For more information: http://write.flossmanuals.net/video-subtitling/file-formats

Usage

The method parse requires the following parameters:

  • path: location of the subtitle file.
  • subtype: one of the supported file types, by default file extension is used.
  • encoding: encoding of the file, utf-8 by default.
  • **kwargs: optional parameters.
    • fps: framerate (only used by sub files), 23.976 by default.
from pysubparser import parser

subtitles = parser.parse('./files/space-jam.srt')

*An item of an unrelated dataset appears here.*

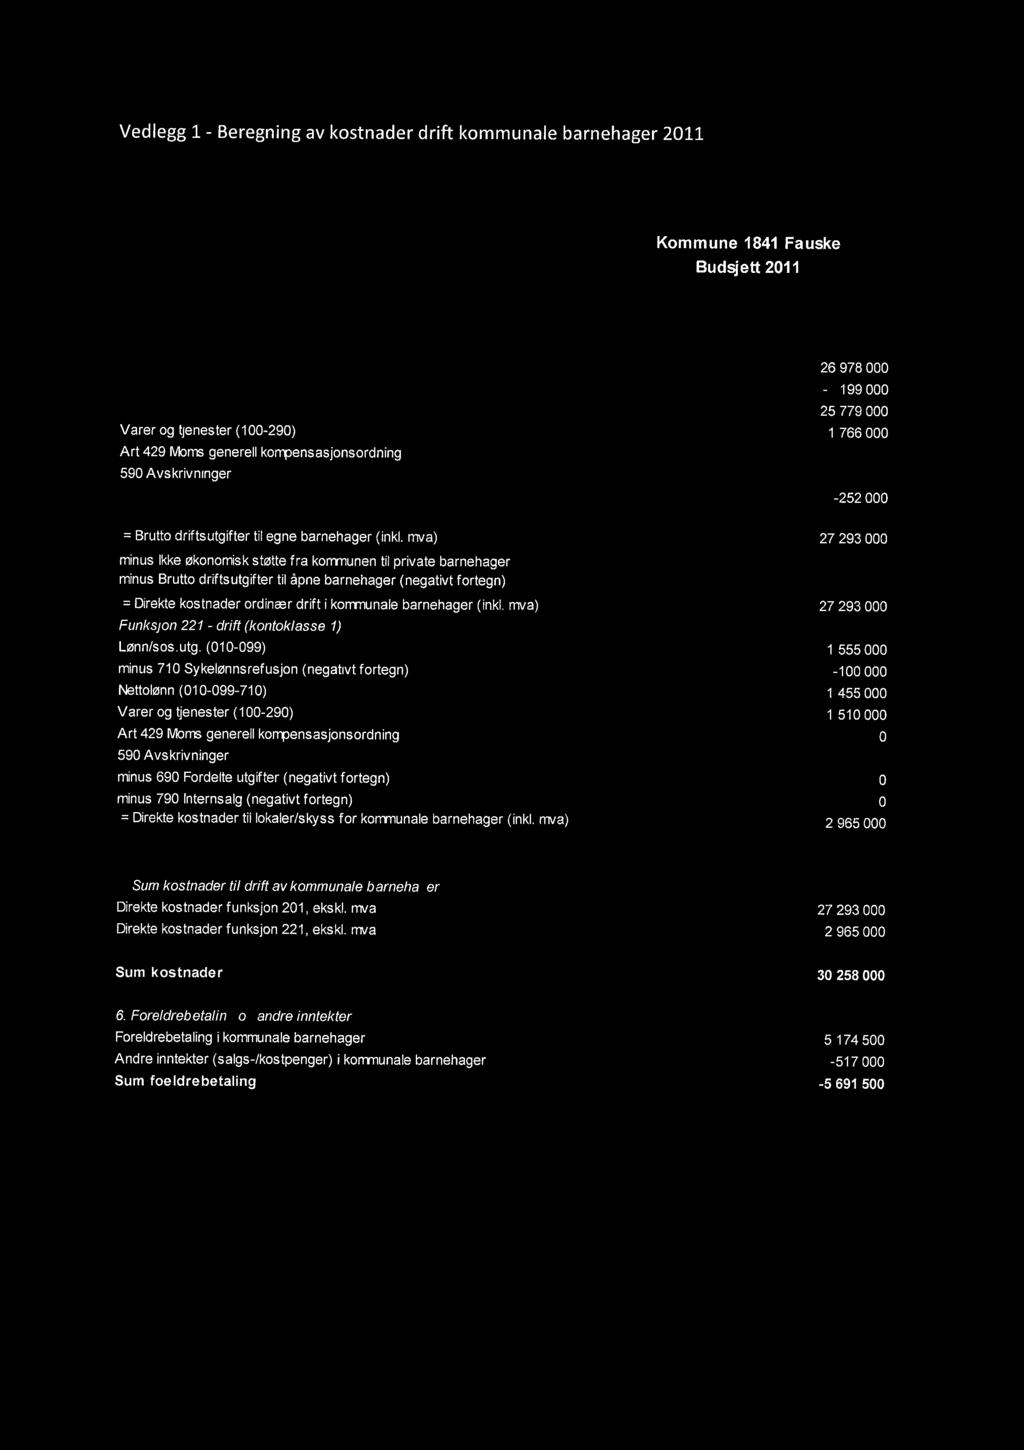 Vedlegg 1- Beregning av kostnader drift kommunale barnehager 2011 Grunnlagsdata: 3. Kostnader i kommunale barnehager Funksjon 201 - drift (kontoklasse 1) Kommune 1841 Fauske Budsjett 2011 Lønn/sos.

for subtitle in subtitles:
    print(subtitle)

Output:

0 > [BALL BOUNCING]
1 > Michael?
2 > What are you doing out here, son? It's after midnight.
3 > MICHAEL: Couldn't sleep, Pops.

Subtitle Class

Each line of a dialogue is represented with a Subtitle object with the following properties:

  • index: position in the file.
  • start: timestamp of the start of the dialog.
  • end: timestamp of the end of the dialog.
  • text: dialog contents.
for subtitle in subtitles:
    print(f'{subtitle.start} > {subtitle.end}')
    print(subtitle.text)
    print()

Output:

00:00:36.328000 > 00:00:38.329000
[BALL BOUNCING]

00:01:03.814000 > 00:01:05.189000
Michael?

00:01:08.402000 > 00:01:11.404000
What are you doing out here, son? It's after midnight.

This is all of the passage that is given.